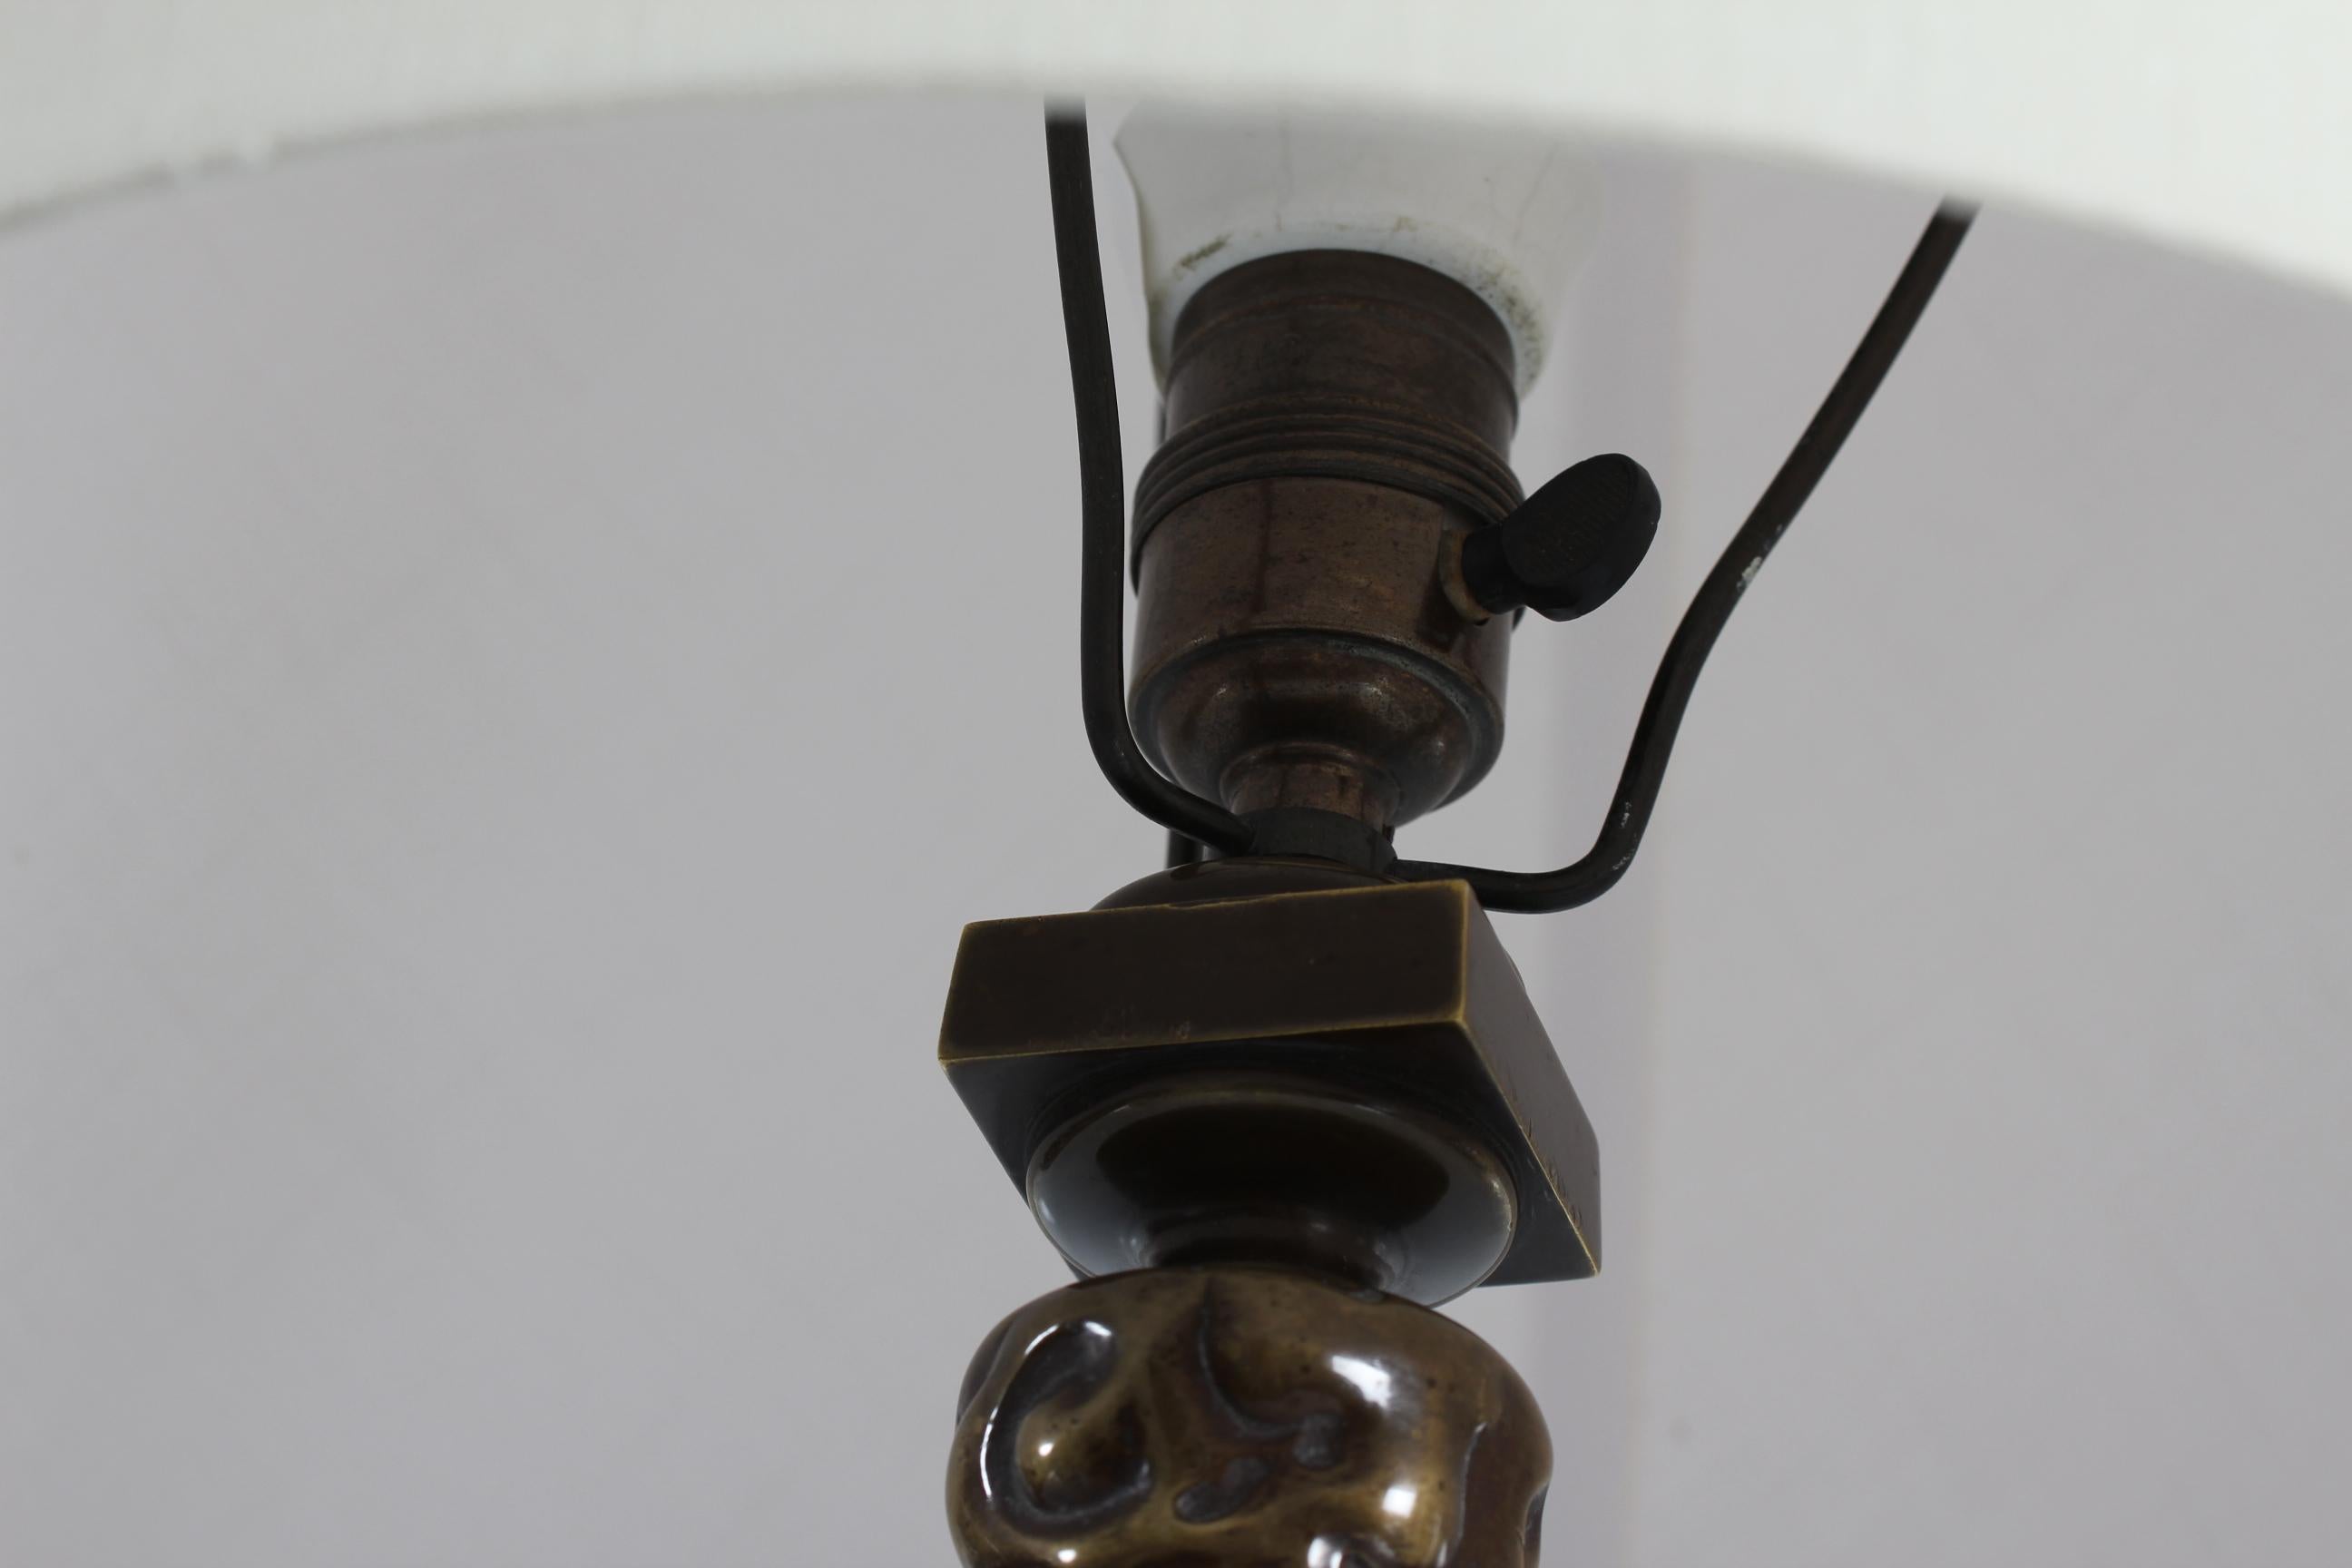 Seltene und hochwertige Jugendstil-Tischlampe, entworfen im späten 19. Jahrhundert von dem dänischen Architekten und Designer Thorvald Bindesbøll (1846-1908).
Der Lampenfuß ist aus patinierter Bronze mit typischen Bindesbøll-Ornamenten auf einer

● ● ●

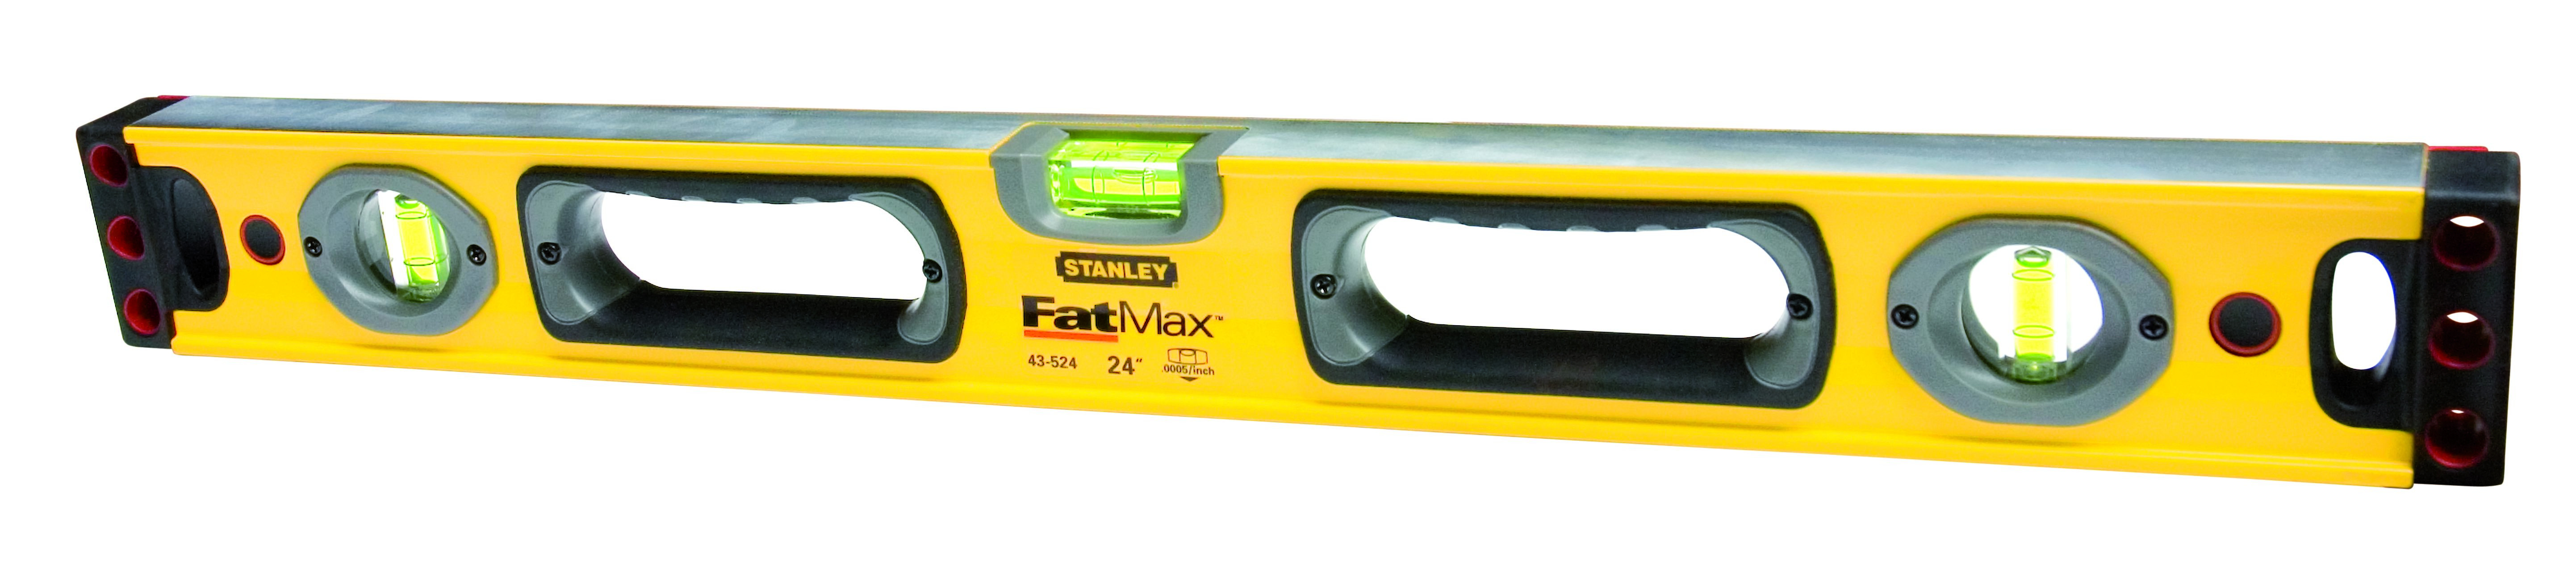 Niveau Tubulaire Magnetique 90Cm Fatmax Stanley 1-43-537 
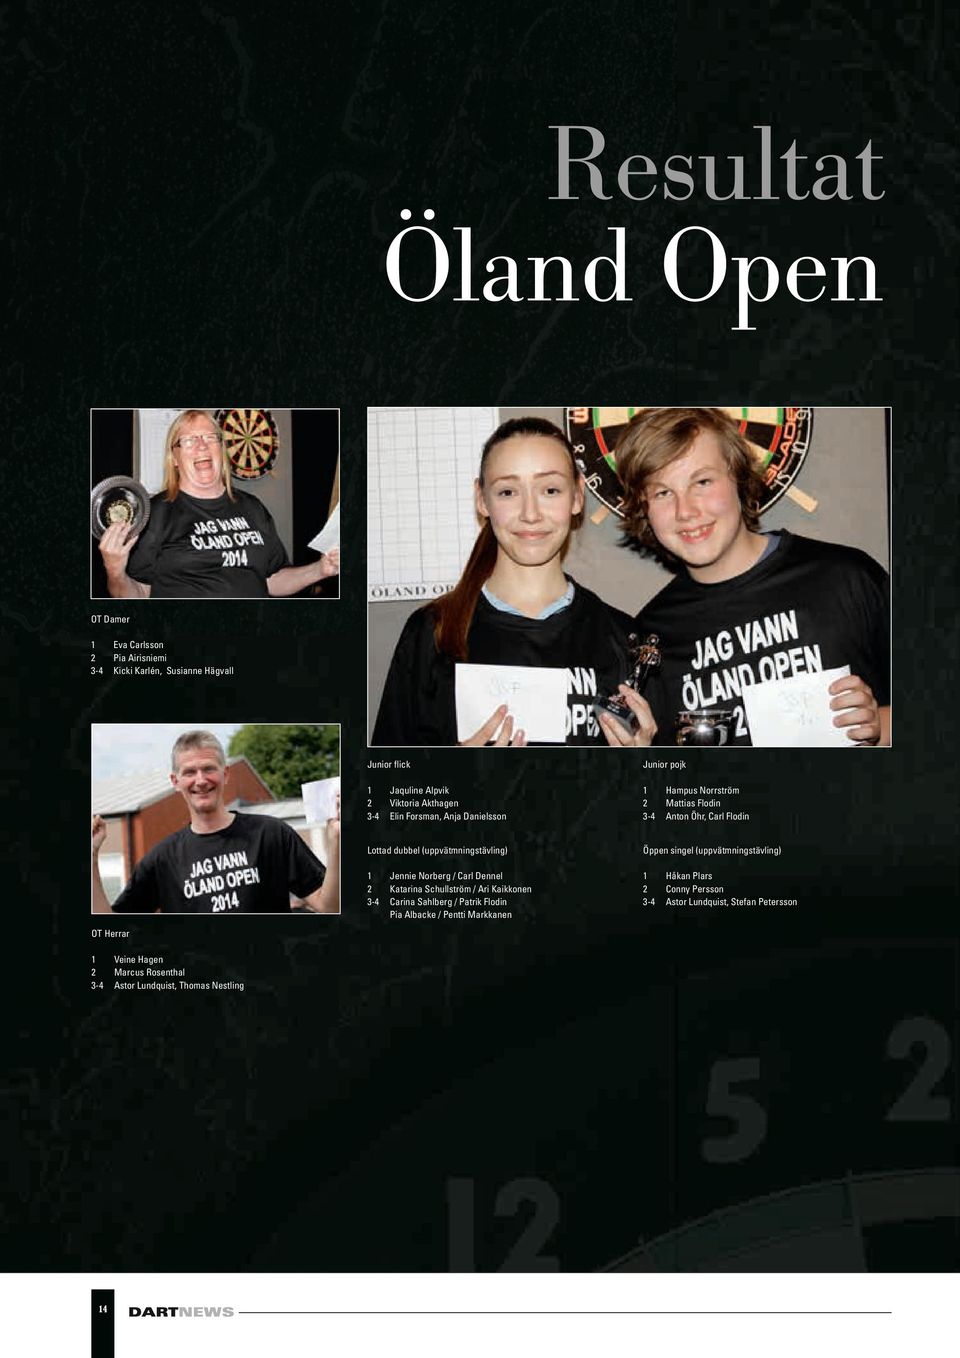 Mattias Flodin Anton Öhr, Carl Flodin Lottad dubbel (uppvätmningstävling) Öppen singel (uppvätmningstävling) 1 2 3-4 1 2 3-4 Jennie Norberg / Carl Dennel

● ● ●

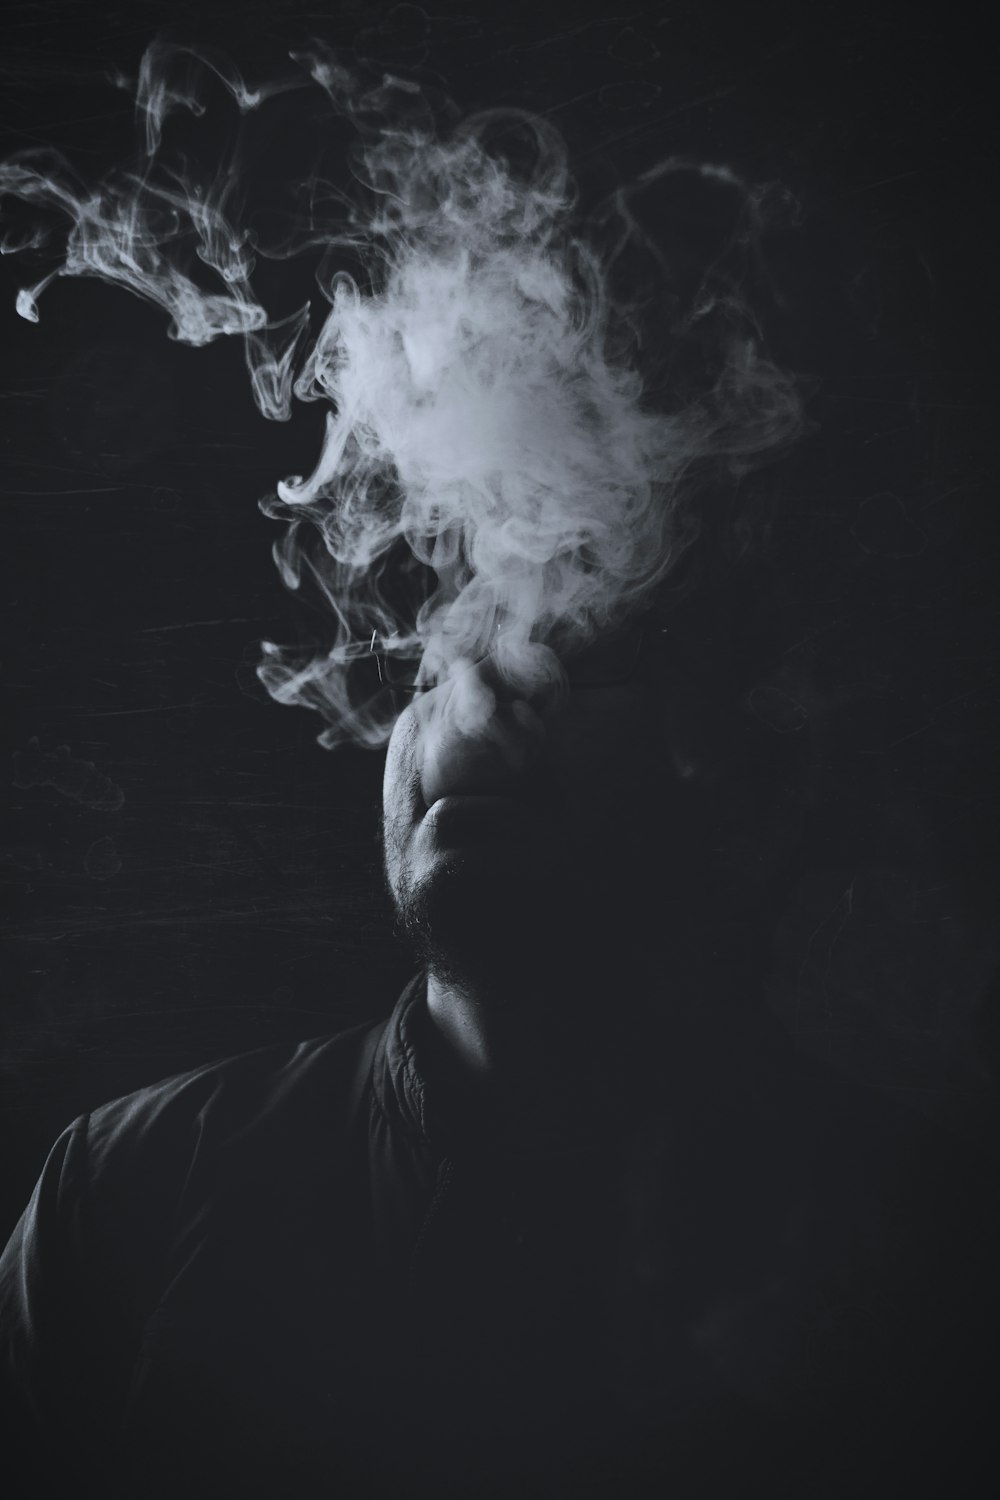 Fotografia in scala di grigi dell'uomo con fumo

● ● ●

#### What to produce
Give again the stretch of the entries above that begins at the line with "Niveau Tubulaire Magnetique" and ends at the line with "Mattias Flodin Anton", word for word, with no pictures.

#### Task output
 Niveau Tubulaire Magnetique 90Cm Fatmax Stanley 1-43-537 
 Mattias Flodin Anton Öhr, Carl Flodin Lottad dubbel (uppvätmningstävling) Öppen singel (uppvätmningstävling) 1 2 3-4 1 2 3-4 Jennie Norberg / Carl Dennel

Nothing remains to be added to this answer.